L'Autorité de la Concurrence va lancer une enquête approfondie sur des chatbots tels que ChatGPT et Gemini pour analyser leur intégration croissante avec le secteur du commerce électronique et de la publicité. Le régulateur français cherche à anticiper les bouleversements concurrentiels que pourrait provoquer l’essor du commerce agent, où l’intelligence artificielle effectue des achats de manière autonome.

Agents d'IA autonomes et publicité ciblées par le régulateur
L’enquête se concentrera sur deux catégories d’outils : les robots conversationnels classiques générant du contenu via des invites et les agents IA plus sophistiqués. Ces derniers, capables d'effectuer des tâches autonomes comme la prise de rendez-vous ou la recherche en ligne, intéressent particulièrement l'institution.
L'Autorité de la concurrence examinera également l'arrivée de la publicité au cœur de ces interfaces génératives. Elle suit de près les tests en cours, comme la fonction AI Overviews de Google, pour évaluer leurs potentielles répercussions anticoncurrentielles avant leur probable déploiement en France.

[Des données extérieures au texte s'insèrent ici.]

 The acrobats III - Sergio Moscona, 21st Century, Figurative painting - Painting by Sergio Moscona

Les IA deviennent de véritables plateformes d'achat
L'organisme de surveillance de la concurrence constate que des services comme Gemini de Google, Le Chat de Mistral ou Copilot de Microsoft évoluent vers le statut de plateforme à part entière. Ces outils permettent désormais aux utilisateurs d'accéder à des services tiers et d'effectuer des transactions sans jamais quitter la fenêtre de discussion.

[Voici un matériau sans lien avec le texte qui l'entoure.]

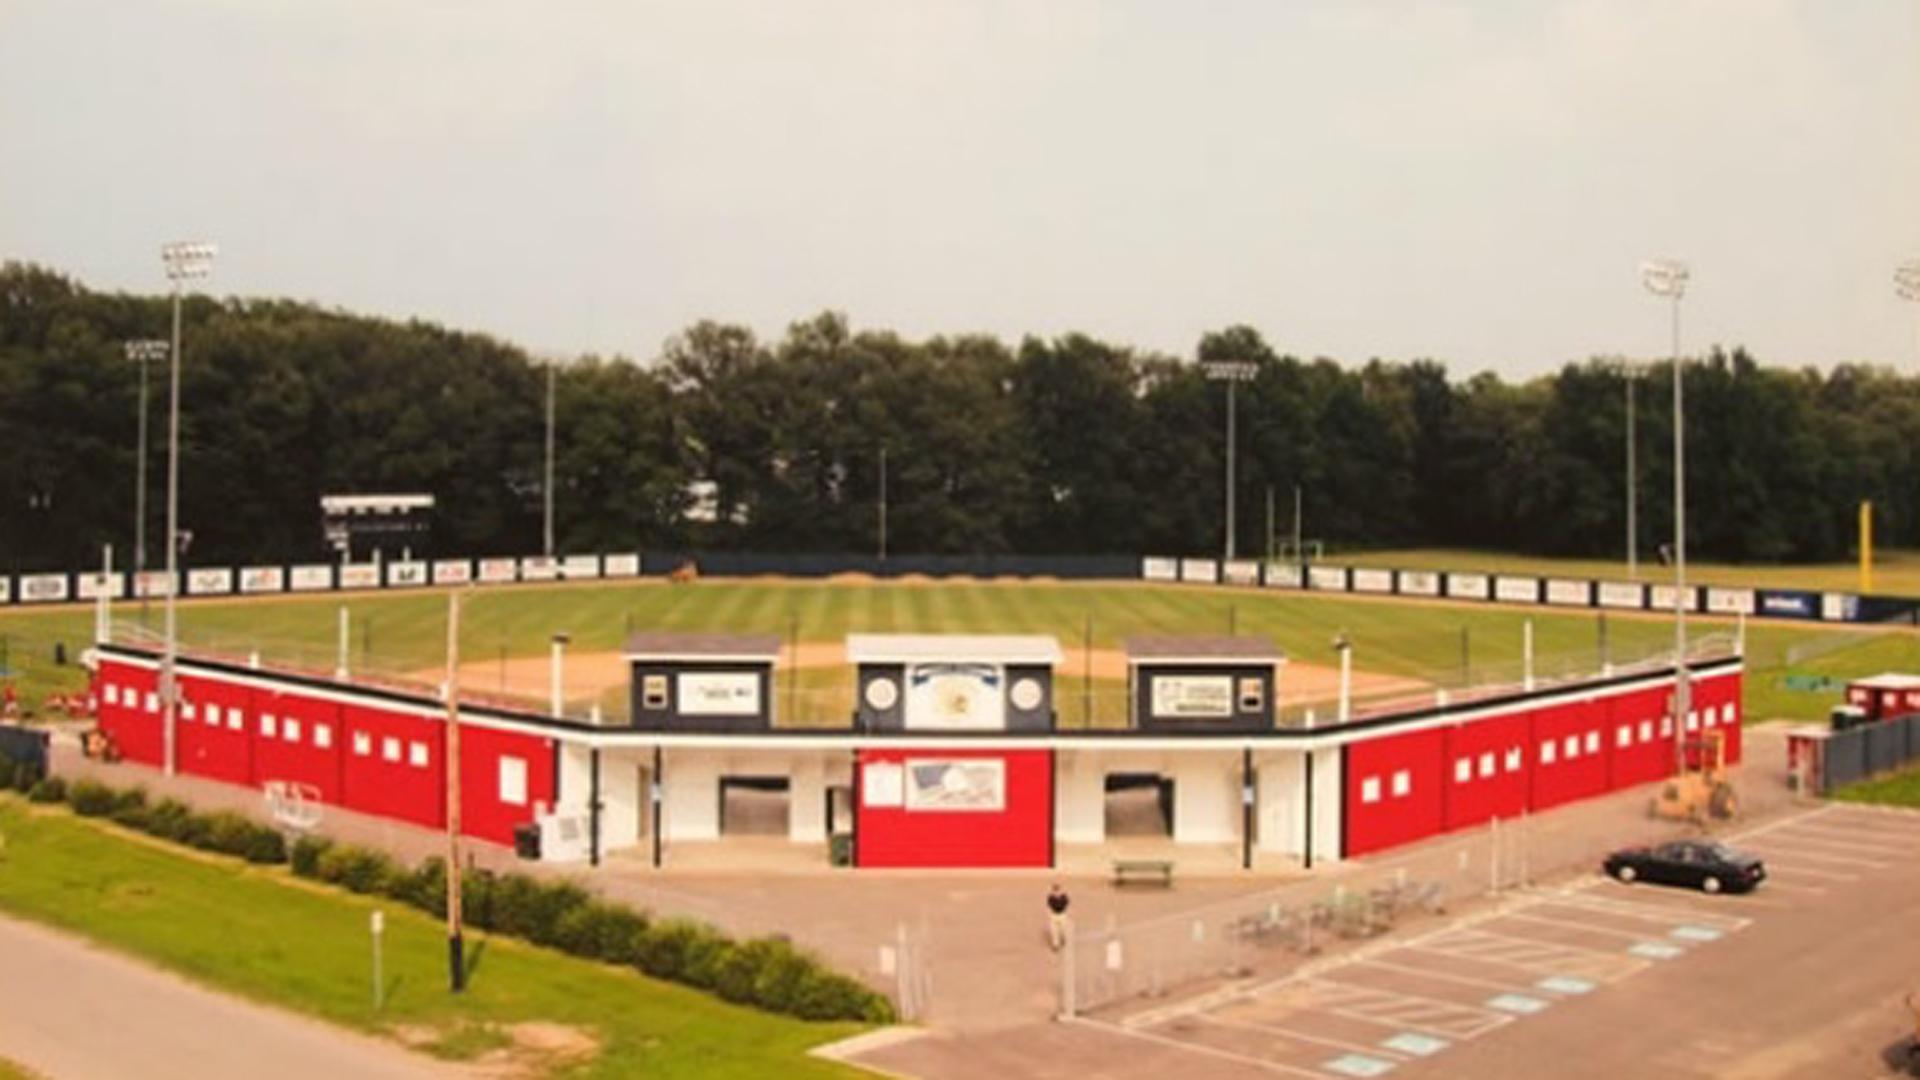 paducah-stadium-032915-brooks-ftr

Cette évolution répond à un besoin économique pressant : les acteurs du secteur cherchent à diversifier leurs usages et à trouver des leviers de monétisation pour atteindre la rentabilité. OpenAI a également initié ce mouvement fin septembre en lançant une fonctionnalité baptisée Instant Checkout permettant d'effectuer des achats directement depuis son interface, tandis que d'autres chatbots multiplient les liens vers des sites marchands.
Selon l’Autorité de la concurrence, l’ensemble de l’écosystème de la vente en ligne risque de devoir s’adapter à l’émergence soudaine de ce commerce piloté par des agents IA. L’objectif est de cartographier précisément les interactions entre ces nouvelles technologies et le commerce traditionnel pour identifier les risques concurrentiels. Une consultation publique sera ouverte prochainement et l’institution rendra ses conclusions définitives au cours de l’année 2026.